🤖 AI Summary
Under asynchronous network partitions, the CAP theorem imposes a fundamental trade-off between consistency and availability. This paper challenges the conventional binary assumption—requiring either strong consistency or global availability—by proposing the “partial progress” conjecture: permitting responsive service and non-zero throughput for a subset of clients during partitions.
Method: We formally define “partial progress” and prove its theoretical feasibility in the asynchronous model. We design CASSANDRA, a novel consensus protocol that leverages causal ordering and vector clocks to enable locally ordered replica processing without global synchronization, augmented by a lightweight coordination mechanism to ensure local consistency.

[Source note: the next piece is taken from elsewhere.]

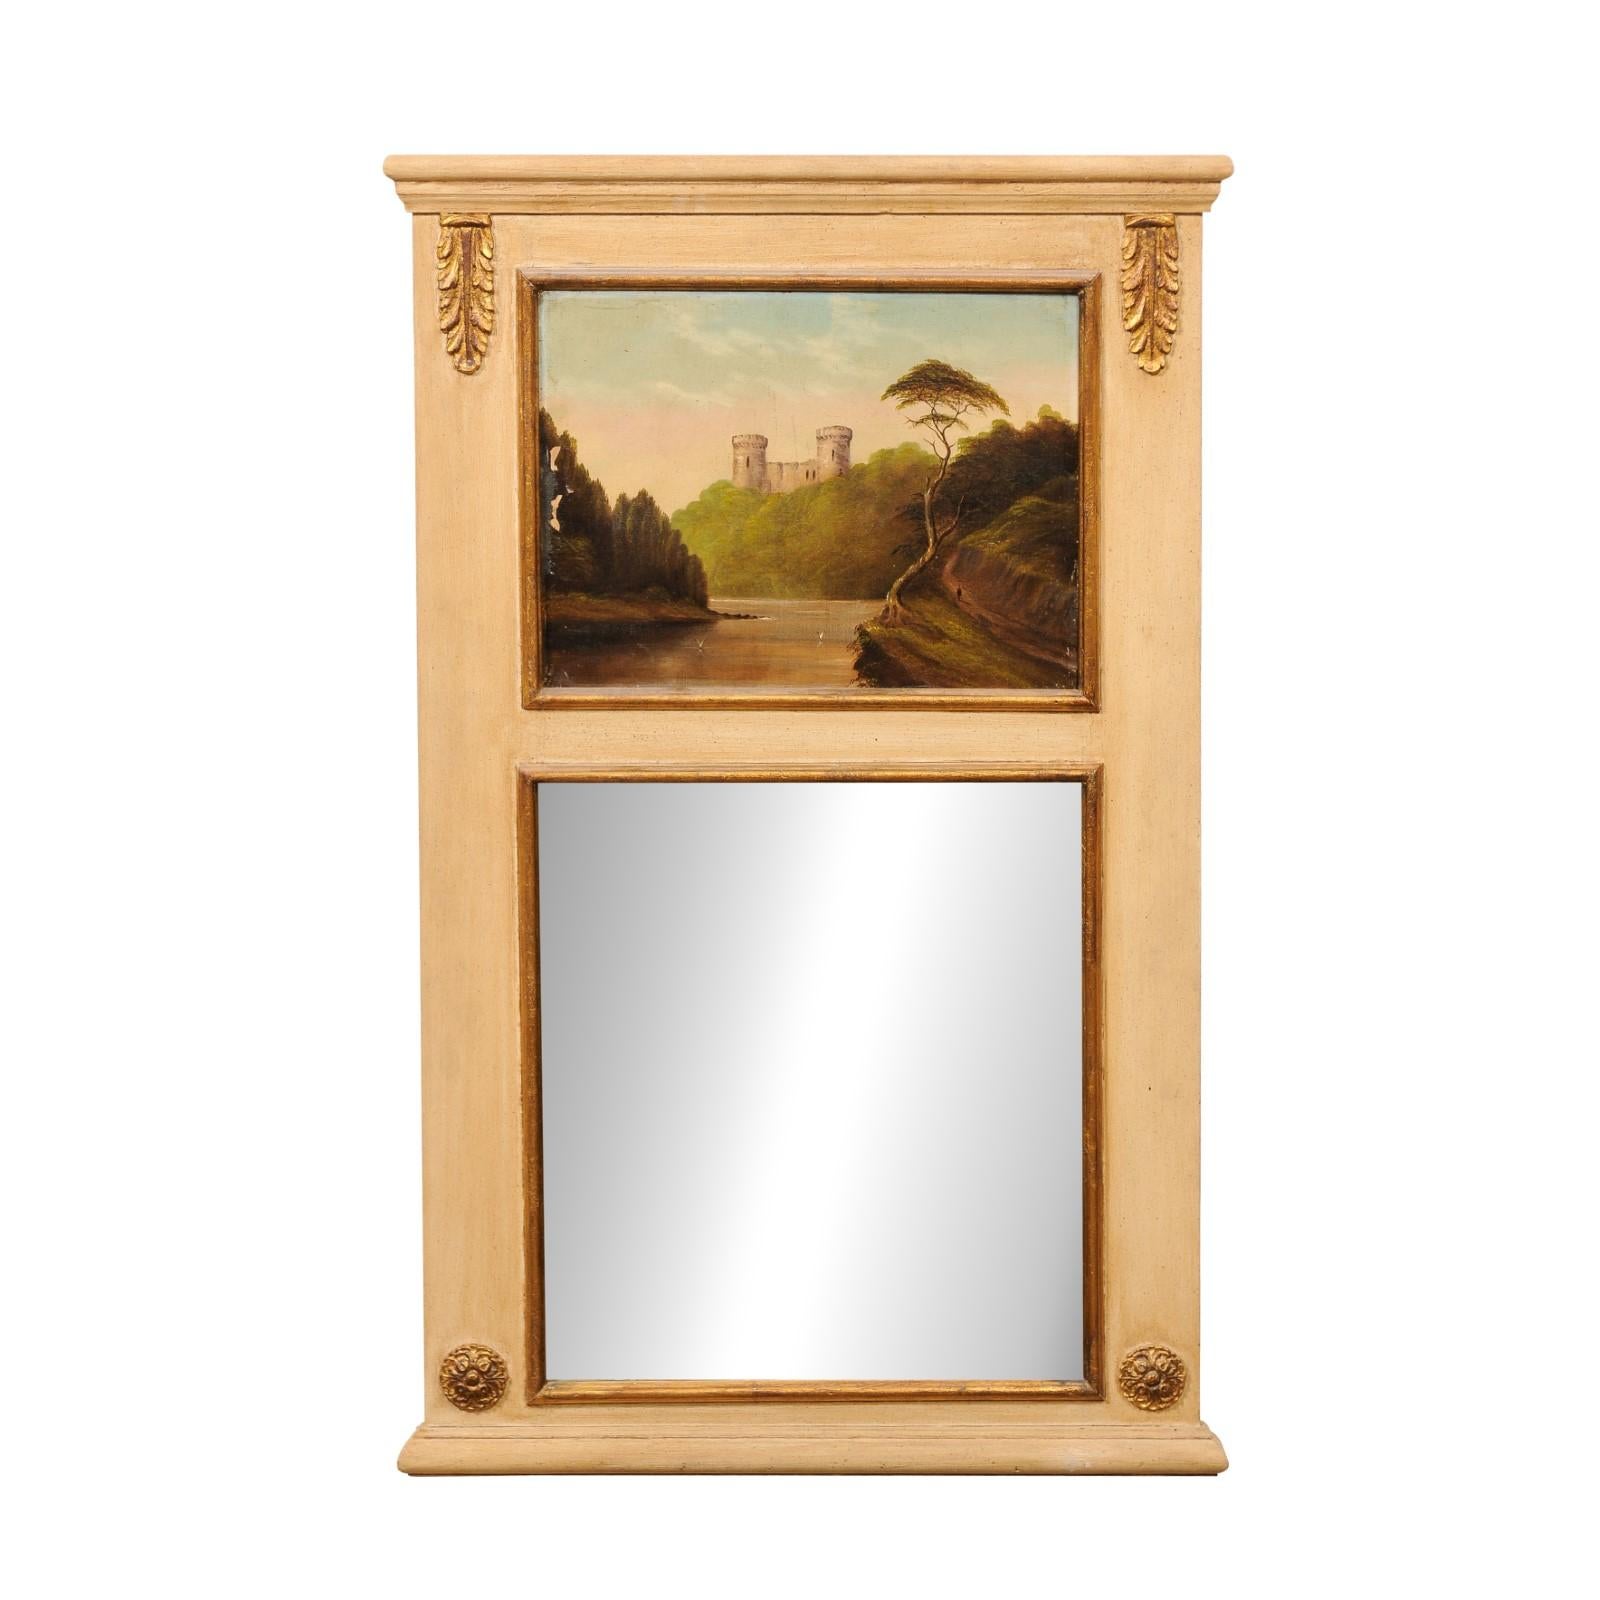 Small Trumeau Mirror with 19th Century Landscape Painting, France For Sale 2

Results: Experimental evaluation under simulated partition scenarios demonstrates that CASSANDRA sustains service availability for over 85% of clients, achieves linear throughput scaling, and significantly outperforms mainstream protocols such as Paxos and Raft.
📝 Abstract
Each application developer desires to provide its users with consistent results and an always-available system despite failures. Boldly, the CALM theorem disagrees. It states that it is hard to design a system that is both consistent and available under network partitions; select at most two out of these three properties. One possible solution is to design coordination-free monotonic applications. However, a majority of real-world applications require coordination. We resolve this dilemma by conjecturing that partial progress is possible under network partitions. This partial progress ensures the system appears responsive to a subset of clients and achieves non-zero throughput during failures. To this extent, we present the design of our CASSANDRA consensus protocol that allows partitioned replicas to order client requests.